Never the twain would meet.
But those days are gone. Today, many companies are struggling to translate their strategic visions into well-defined projects that can carry it out. Project managers are ideally positioned to do a better job of influencing the organization’s strategy, and doing a better job of connecting the organization’s strategy to its projects. In the process, they can increase their value to their firms and enhance the profile of what has largely been viewed as a tactical role.
Too often, strategic plans are created that are unrealistic and unachievable, because they lack the clarity needed for project teams to easily translate them into successful action plans. This can result in months of miscommunication and misdirection, wasted capital, squandered manpower and strained morale, as project teams struggle to operationalize poorly conceived and expressed strategies.
When project managers and strategic planners work together, they are able to develop strategic plans that can more easily be turned into actionable projects. In the process, their collaboration can do a more consistent job of guiding and propelling the firm into the future.
New skills for the strategic project manager
Traditional project management skills have not become outdated. Rather, they are no longer sufficient by themselves. Project managers need to adopt a broader mindset, thinking about how the projects they manage connect with the corporate strategy.
Here are several ways that project managers can expand their skill sets to take on a more strategic role:
Project managers need to learn how to drill down to uncover the root causes of situations. They need to be willing to challenge existing mindsets and beliefs.
To take on a more strategic role, project managers need to cultivate the skill of scanning the horizon for weak signals and new developments that could be bellwethers to major shifts in the technology, competitive, economic or regulatory landscapes.

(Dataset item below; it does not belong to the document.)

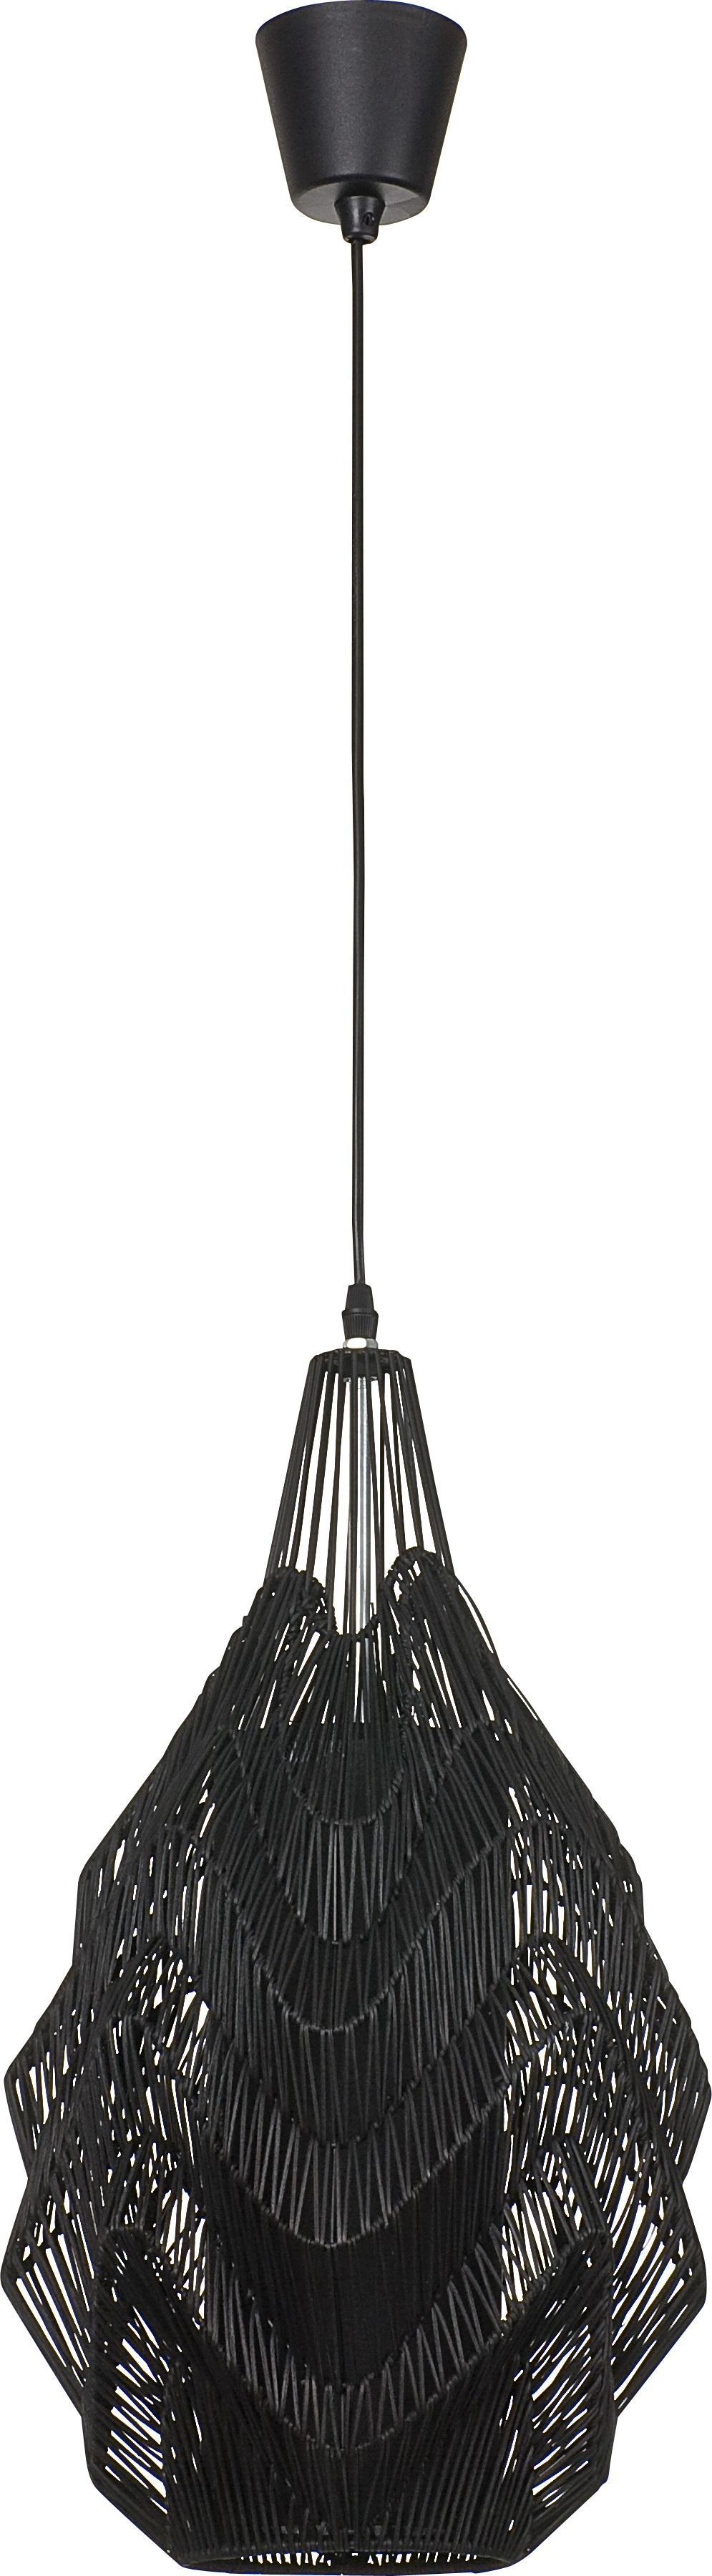 Lampy Lucan marki Nowodvorski Lighting

Often, game-changing information first appears at the periphery of an industry, and isn’t taken seriously by most organizations.
To improve your scanning ability, expand your external network. Seek out many types of inputs. Don’t discredit anything. Instead, ask yourself, “What could this mean to our company?”, “What would be the impact if this technology dramatically improved?” and other open-ended “What-if?” questions.
Lateral thinking means, literally, to think sideways. Instead of working in head-down mode, looking straight ahead, project managers need to hone the skills of anticipating the potential impacts of new technologies, rivals and other drivers of change.
They also need to scan related industries for strategies and approaches they can adapt to their current situation. Solutions don’t need to be totally new to the world; others have solved similar problems. Find them and learn from their approach and the thinking behind it.
In today’s turbulent business environment, maintaining the status quo may be the riskiest strategy of all. Executives responsible for formulating corporate strategies need to consider new possibilities – product lines, services, strategic relationships, business models and more. Project managers can significantly increase their value by understanding the basic principles of creative problem solving, ideation and selling their ideas.
For this mindset, the project managers may actually bring a potent “edge” to the table. Because they aren’t familiar with “the way we do strategic planning around here,” they may come up with new ideas, approaches and possibilities that their more seasoned counterparts may have overlooked.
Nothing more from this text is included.